WHAT TO DO: An exact copy is required of the lines running from the one that contains "Sri Sri Krishna" to the end of the material, both ends included, with pictures omitted.

DATASET EXTRACT:
+ + + +

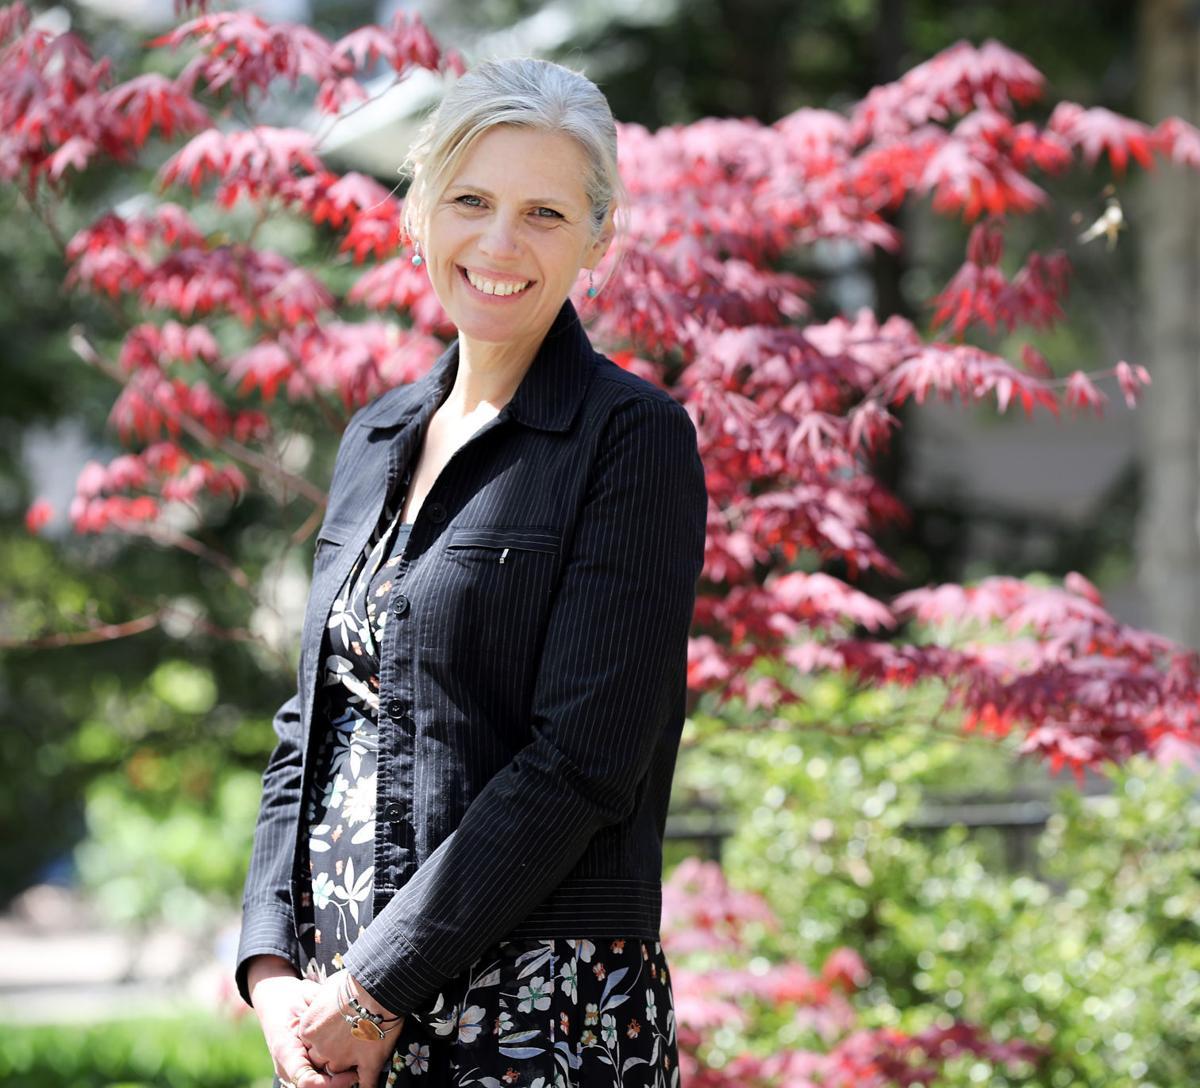 Sarah Edgerton
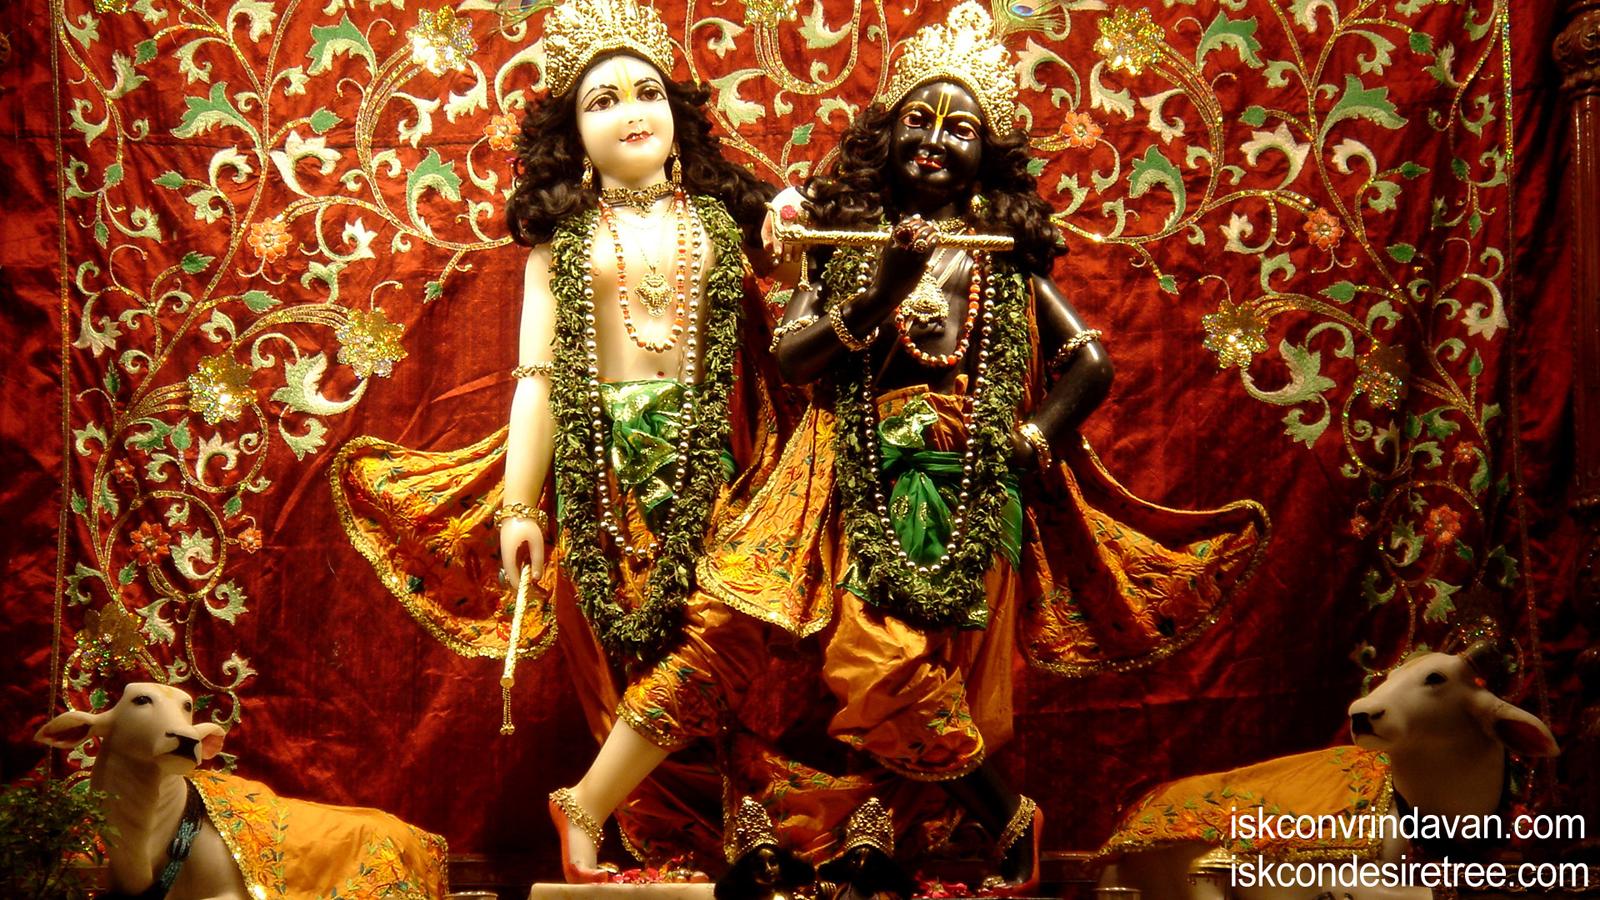 Sri Sri Krishna Balaram Wallpaper (087) Size 1600x900 Download
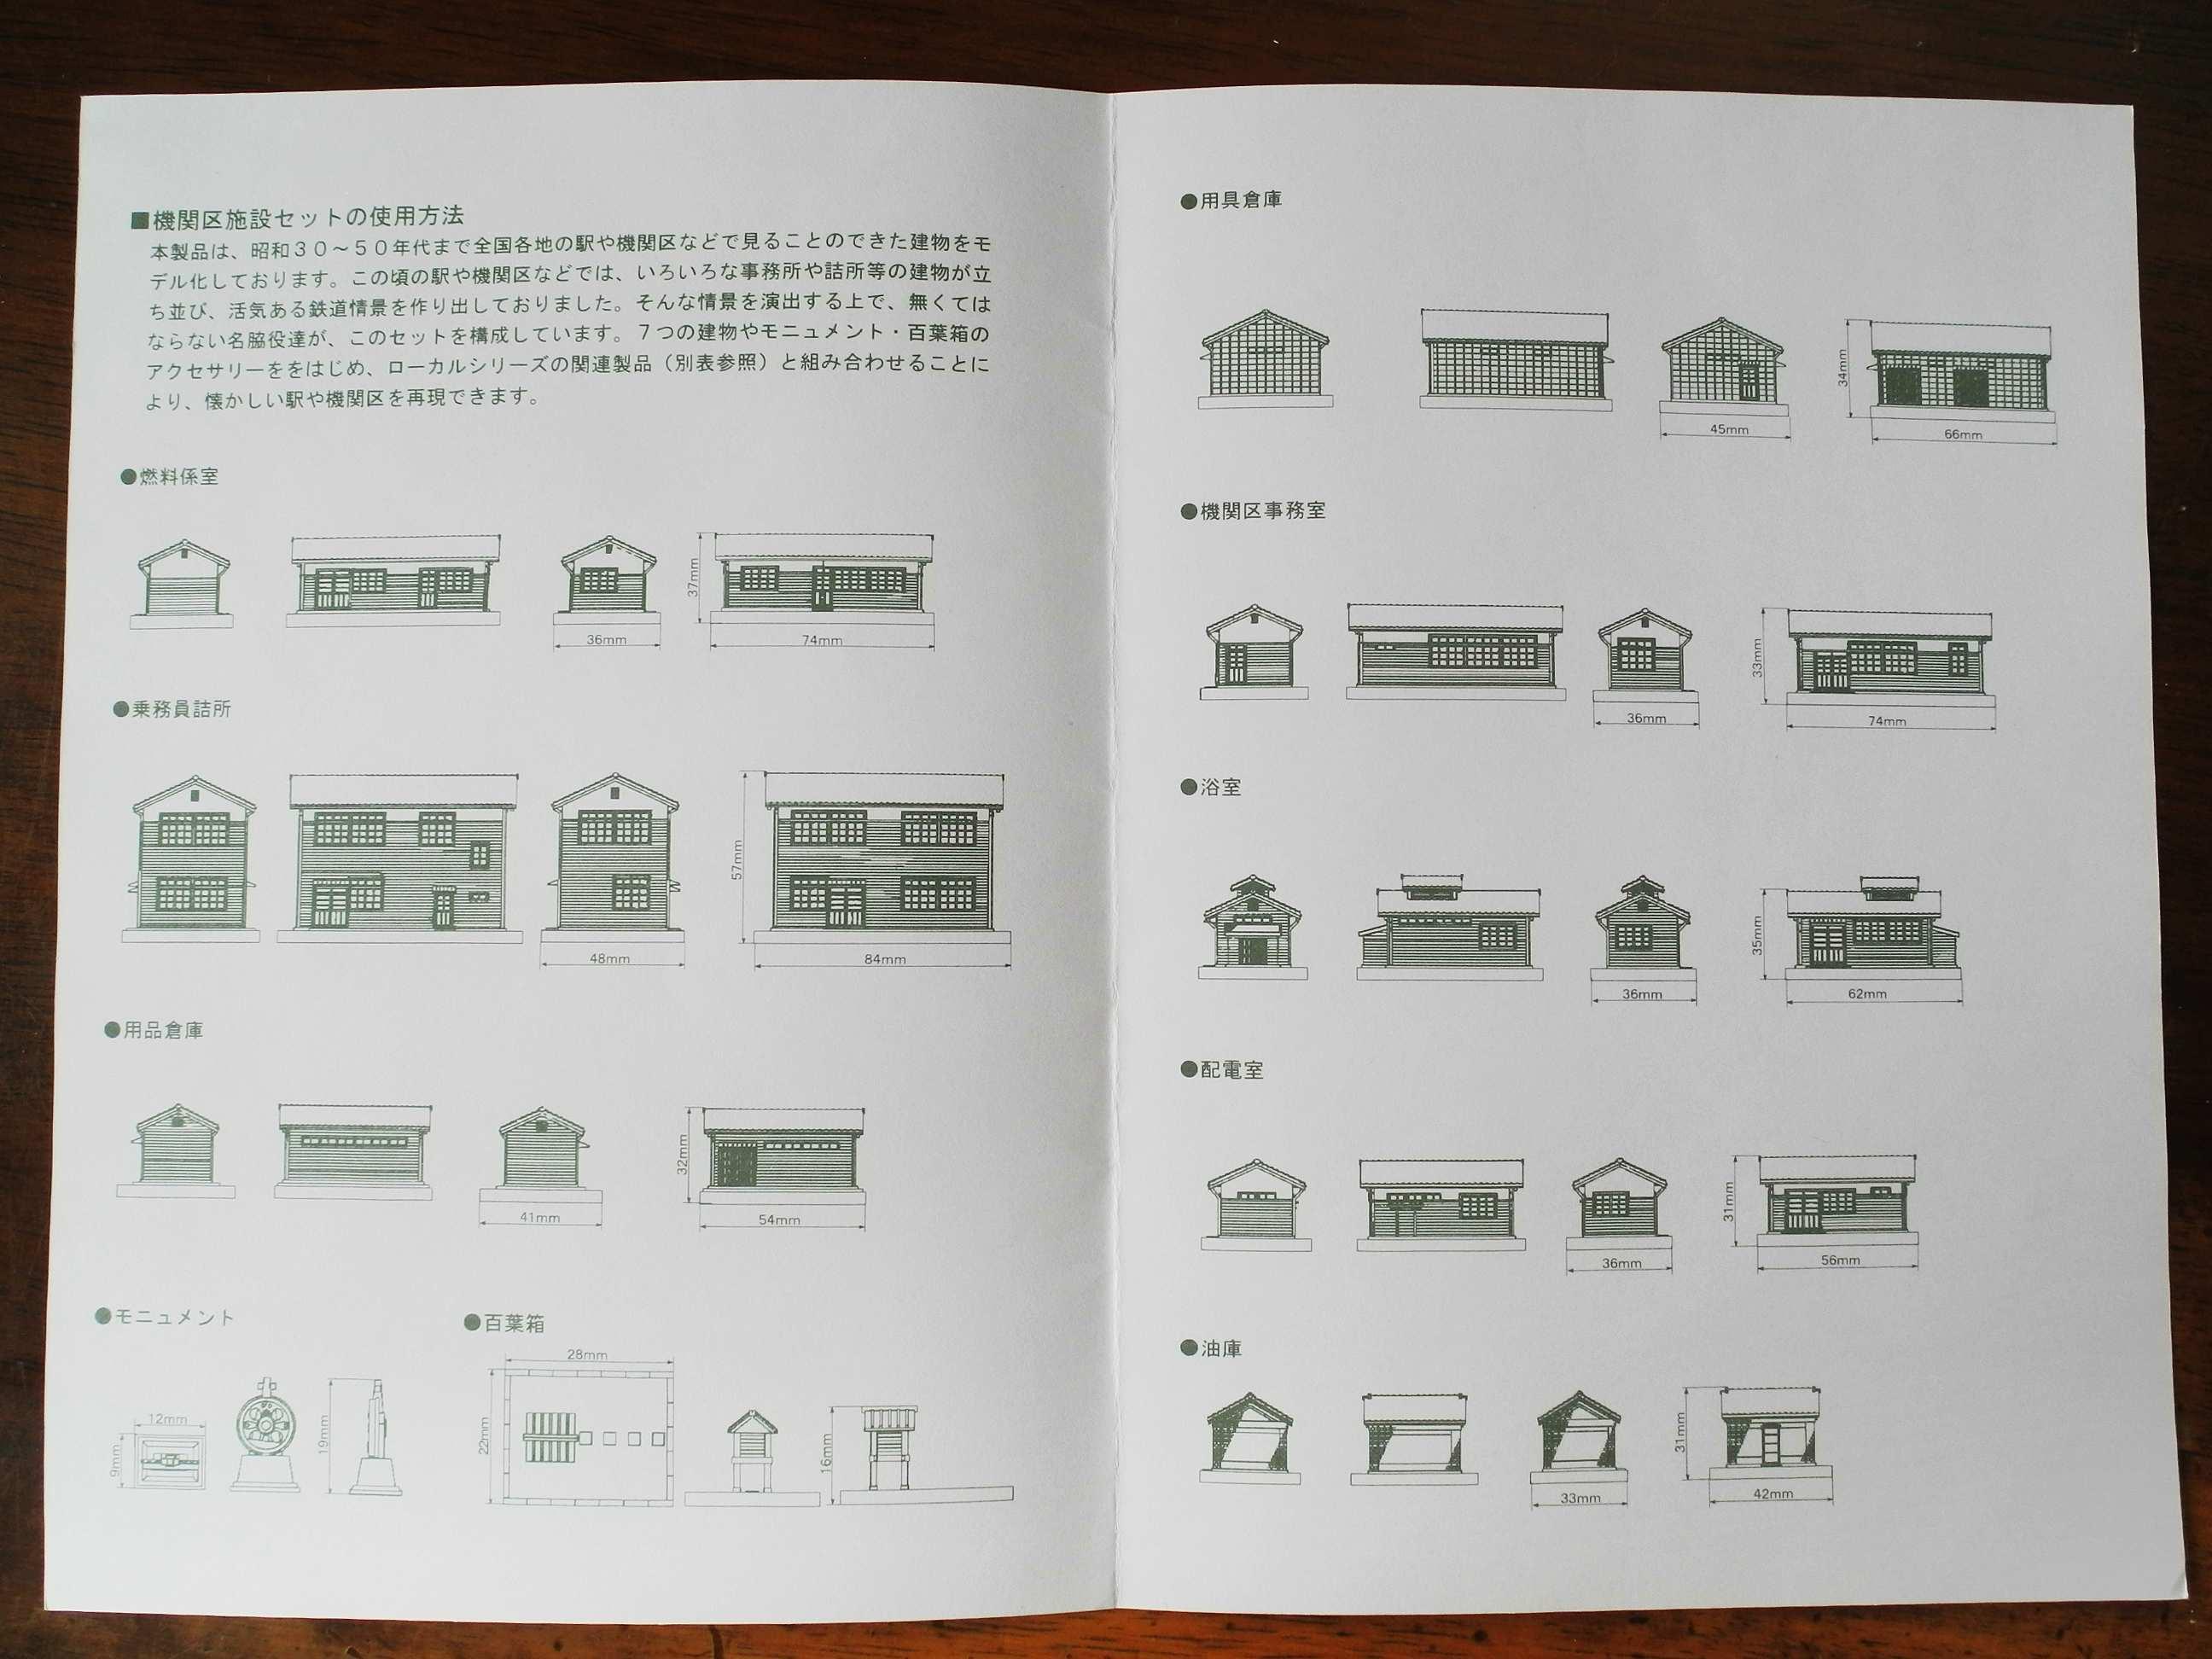 DSCN8518-1.jpg
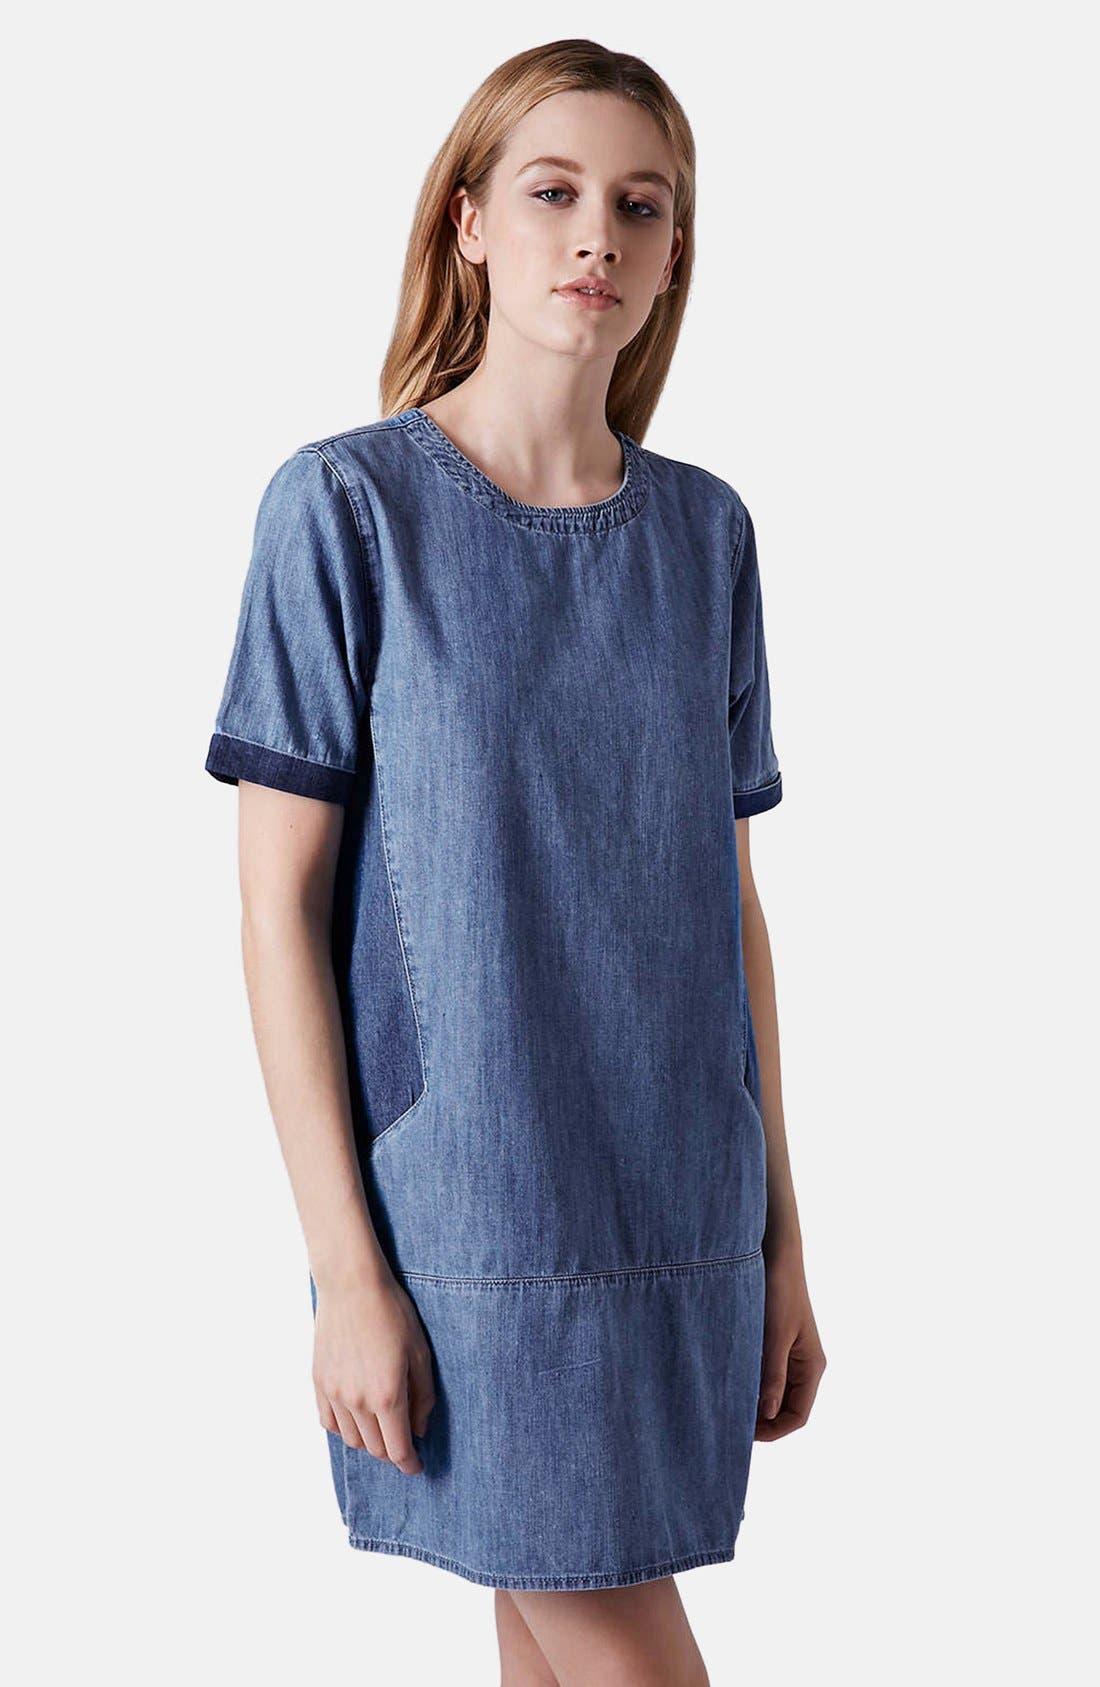 Alternate Image 1 Selected - Topshop Moto Colorblock Denim T-Shirt Dress

+ + + +

RESPONSE BOX:
 Sri Sri Krishna Balaram Wallpaper (087) Size 1600x900 Download
 DSCN8518-1.jpg
 Alternate Image 1 Selected - Topshop Moto Colorblock Denim T-Shirt Dress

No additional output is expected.